4. Determine the critical t-value for a significance level of 0.10 (90% confidence level). Use the T.INV function in Excel:
- =T.INV(0.10, 19) - this returns the critical t-value for a two-tailed test with 19 degrees of freedom (20 - 1).
5. Compare the calculated t-statistic from step 3 with the critical t-value from step 4. If the calculated t-statistic is greater than the critical t-value, reject the null hypothesis; otherwise, fail to reject the null hypothesis.
Now, to determine the sample size needed to be 98% confident that the mean weight will be within an error of 3 pounds, you can use the following formula:
n = (Z * σ / E)^2
where:
n = required sample size
Z = Z-score corresponding to the desired confidence level (in this case, 98% confident, so Z ≈ 2.33 based on a standard normal distribution table)
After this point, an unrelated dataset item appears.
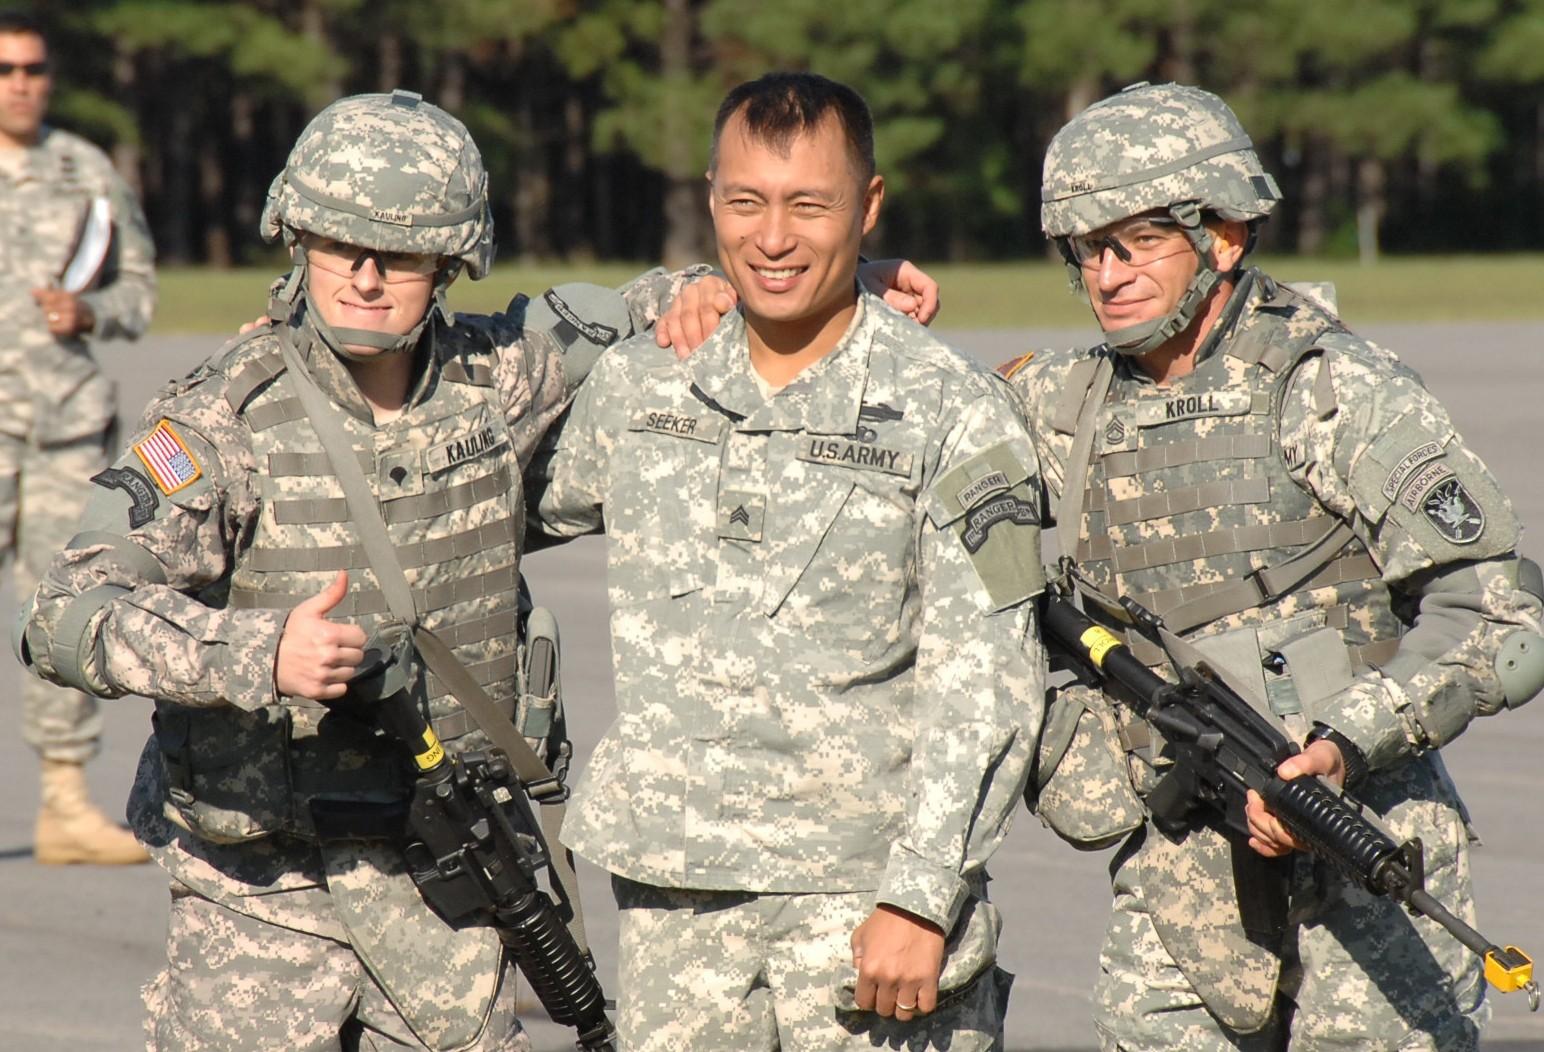 Army mil 2008 10 04 114440

σ = standard deviation of the population (given as 29 pounds)
E = maximum acceptable error (3 pounds)
Plugging in the values, you can calculate the required sample size:
n = (2.33 * 29 / 3)^2 ≈ 75.19
Therefore, you would need to sample at least 76 men to be 98% confident that the mean weight will be within an error of 3 pounds. Since you cannot have a fraction of a person, round up to the nearest whole number, resulting in 76 men.